其次，也可以通過監聽可讀流的“data”事件（別忘了文章前面提到的“所有的流都屬于 EventEmitter 的實例”）來實現消耗處理 —— 在首次監聽其 data 事件后，readStream 便會持續不斷地調用 _read()，通過觸發 data 事件將數據輸出。當數據全部被消耗時，則觸發 end 事件。

示例：

//demo3
const Readable = require('stream').Readable;

class ToReadable extends Readable {
    constructor(iterator) {
        super();
        this.iterator = iterator
    }
    _read() {
        const res = this.iterator.next();
        if (res.done) {
            // 迭代結束，順便結束可讀流
            this.push(null)
        }
        setTimeout(() => {
            // 將數據添加到流中
            this.push(res.value + '\n')
        }, 0)
    }
}

const gen = function *(a){
    let count = 5,
        res = a;
    while(count--){
        res = res*res;
        yield res
    }
};

const readable = new ToReadable(gen(2));

// 監聽`data`事件，一次獲取一個數據
readable.on('data', data => process.stdout.write(data));

// 可讀流消耗完畢
readable.on('end', () => process.stdout.write('readable stream ends~'));

執行結果為：

這里需要留意的是，在使用 .push() 往可讀流里注入數據的代碼段，我們使用了 setTimeout 將其包裹起來，這是為了讓系統能有足夠時間優先處理接收流結束信號的事務。當然你也可以改寫為：

        if (res.done) {
            // 直接 return
            return this.push(null)
        }
        this.push(res.value + '\n')

2.2 Writable Streams

Writable（可寫）流接口是對寫入數據的目標的抽象：

src.pipe(writableStream)

常見的 Writable Streams 包括：

客戶端的 HTTP requests
服務端的 HTTP responses
fs write streams
zlib streams
crypto streams
TCP sockets
子進程的 stdin
process.stdout 和 process.stderr

可寫流有兩個重要的方法：

writableStream.write(chunk[, encoding, callback]) —— 往可寫流里寫入數據；
writableStream.end([chunk, encoding, callback]) —— 停止寫入數據，結束可寫流。在調用 .end() 后，再調用 .write() 方法會產生錯誤。
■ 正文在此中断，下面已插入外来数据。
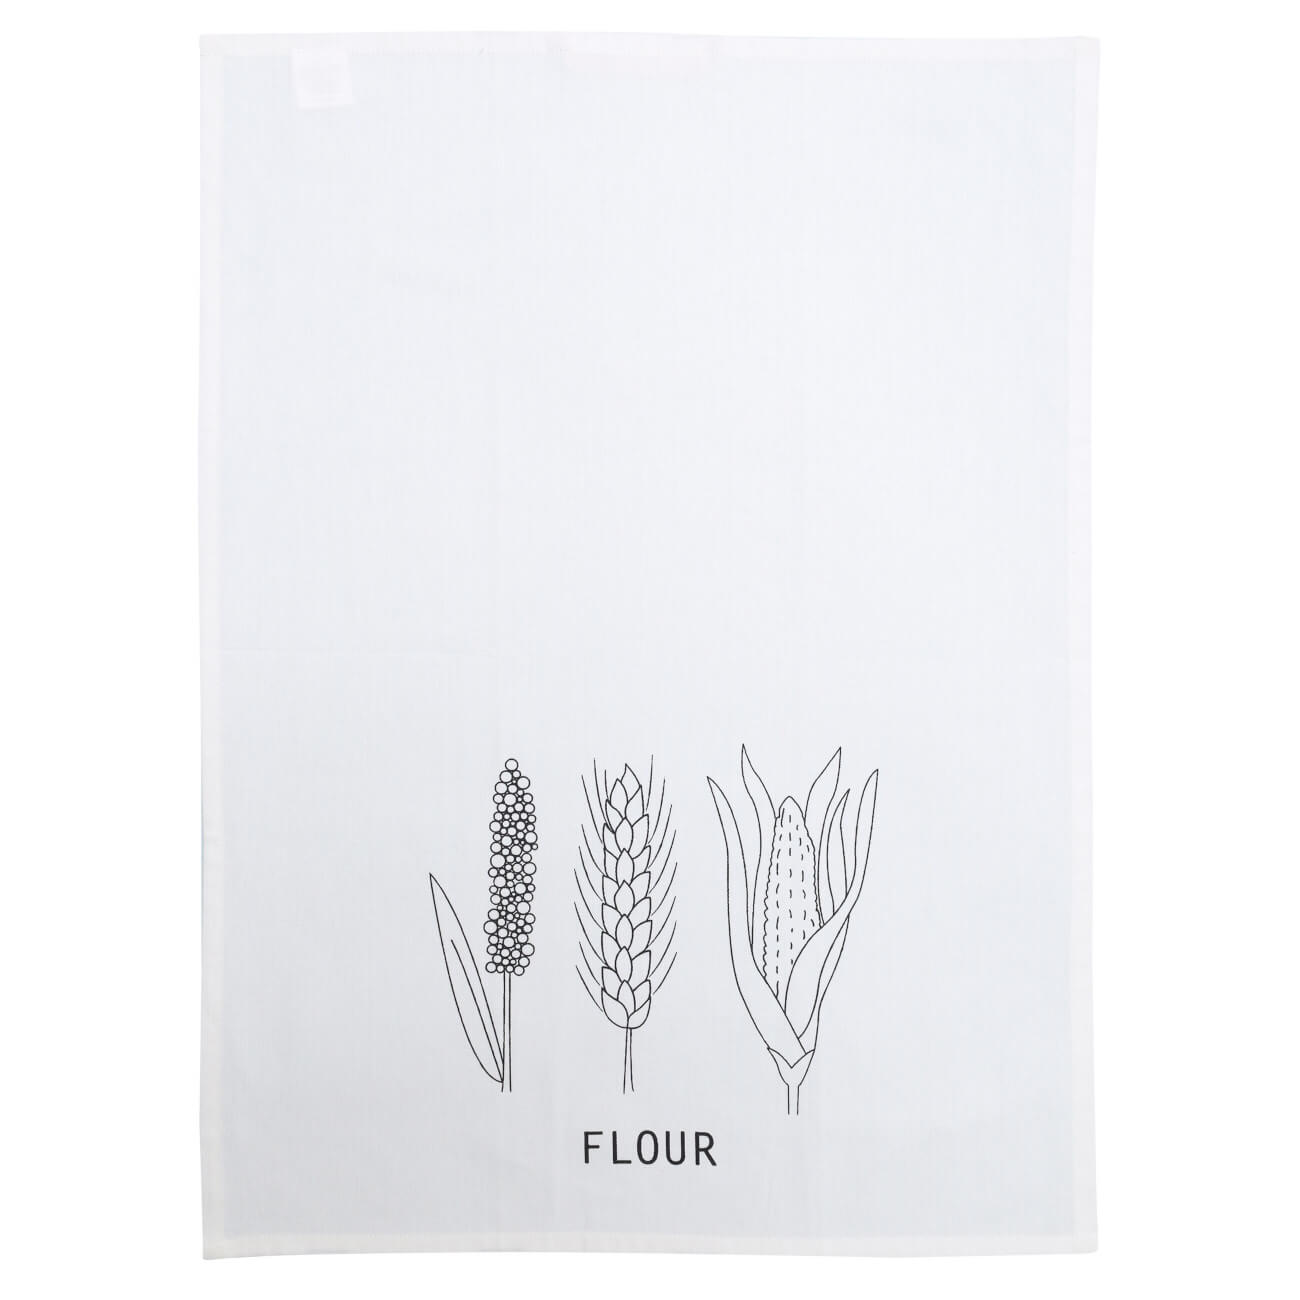 Полотенце кухонное, 51х71 см, хлопок, белое, Злаки, Harvest print

上方兩方法的 encoding 參數表示編碼字符串（chunk為String時才可以用）。

write 方法的 callback 回調參數會在 chunk 被消費后（從緩存中移除后）被觸發；end 方法的 callback 回調參數則在 Stream 結束時觸發。

另外，如同通過 readable._read() 方法可以處理可讀流，我們可以通過 writable._write(chunk, enc, next) 方法在系統底層處理流寫入的邏輯中，對數據進行處理。

其中參數 chunk 代表寫進來的數據；enc 代表編碼的字符串；next(err) 則是一個回調函數，調用它可以告知消費者進行下一輪的數據流寫入。

示例：

//demo4
const Writable = require('stream').Writable;
const writable = Writable();

writable._write = (chunck, enc, next) => {
    // 輸出打印
    process.stdout.write(chunck.toString().toUpperCase());
    // 寫入完成時，調用`next()`方法通知流傳入下一個數據
    process.nextTick(next)
};

// 所有數據均已寫入底層
writable.on('finish', () => process.stdout.write('DONE'));

// 將一個數據寫入流中
writable.write('a' + '\n');
writable.write('b' + '\n');
writable.write('c' + '\n');

// 再無數據寫入流時，需要調用`end`方法
writable.end();

執行如下：

2.3 Duplex Streams

Duplex 是雙工的意思，因此很容易猜到 Duplex 流就是既能讀又能寫的一類流，它繼承了 Readable 和 Writable 的接口。

常見的 Duplex Streams 有：

TCP sockets
zlib streams
crypto streams

示例：

//demo5
const Duplex = require('stream').Duplex;
const duplex = Duplex();

duplex._read = function () {
    var date = new Date();
    this.push( date.getFullYear().toString() );
    this.push(null)
};

duplex._write = function (buf, enc, next) {
    console.log( buf.toString() + '\n' );
    next()
};

duplex.on('data', data => console.log( data.toString() ));

duplex.write('the year is');

duplex.end();

執行結果：

2.4 Transform Streams

Transform Stream 是在繼承了 Duplex Streams 的基礎上再進行了擴展，它可以把寫入的數據和輸出的數據，通過 ._transform 接口關聯起來。

常見的 Transform Streams 有：

zlib streams
crypto streams

示例：

//demo6
const Transform = require('stream').Transform;
class SetName extends Transform {
    constructor(name, option) {
        super(option || {});
        this.name = name || ''
    }
    // .write接口寫入的數據，處理后直接從 data 事件的回調中可取得
    _transform(buf, enc, next) {
        var res = buf.toString().toUpperCase();
        this.push(res + this.name + '\n');
        next()
    }

}

var transform = new SetName('VaJoy');
transform.on('data', data => process.stdout.write(data));

transform.write('my name is ');
transform.write('here is ');
transform.end();

執行結果：

其中的 _transform 是 Transform Streams 的內置方法，所有 Transform Streams 都需要使用該接口來接收輸入和處理輸出，且該方法只能由子類來調用。

_transform 接口格式如下：

transform._transform(chunk, encoding, callback)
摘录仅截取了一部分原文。